The common way to compute multiple different gradients is to use the autograd.grad function multiple times. But it does accept multiple inputs, making me think this means it can compute batches.
Here is some example code:
import torch
from torch.autograd import grad
torch.set_grad_enabled(True)
x = torch.rand(1, 3) # shape (..., 3)
x.requires_grad = True
y = x @ torch.rand(3, 3) # shape (..., 3)
assert y.grad_fn
def attempt_1(x, y):
y0_dx, = grad([y[..., 0]], [x], [torch.ones_like(y[..., 0])], create_graph=True)
y1_dx, = grad([y[..., 1]], [x], [torch.ones_like(y[..., 1])], create_graph=True)

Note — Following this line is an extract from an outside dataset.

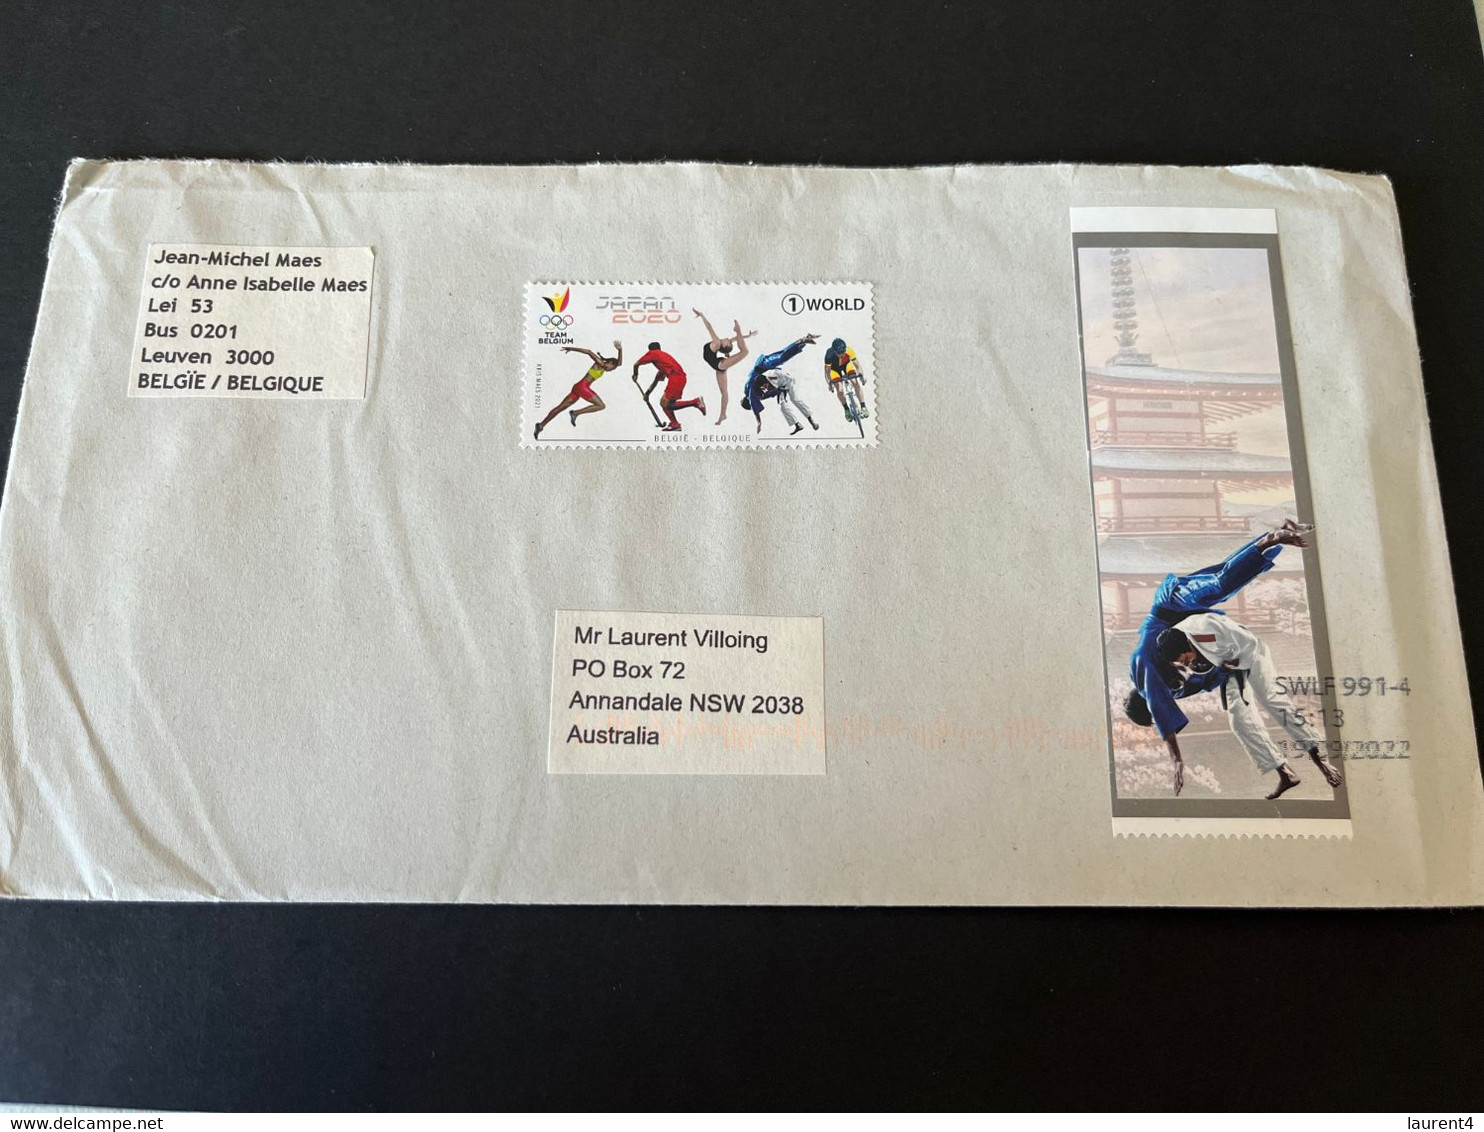 (3 L 54) Letter Posted From Belgium To Australia (during COVID-19 Pandemic) Japan 2000 Olympic Games - Covers & Documents

y2_dx, = grad([y[..., 2]], [x], [torch.ones_like(y[..., 2])], create_graph=True)
return y0_dx, y2_dx, y1_dx
def attempt_2(x, y):
y0_dx, y1_dx, y2_dx = grad(
[y[..., 0], y[..., 1], y[..., 2]],
[x, x, x],
[torch.ones_like(y[..., 0])] * 3,
create_graph=True,
)
return y0_dx, y2_dx, y1_dx
print(attempt_1(x, y))
print(attempt_2(x, y))
attempt_1
works as intended, but is slow.
attempt_2
should to my understanding be equivalent, but is incorrect.
Even worse: all its outputs are the same!
How can i batch the multiple grad
calls as seen in attempt_1
into something like in attempt_2
?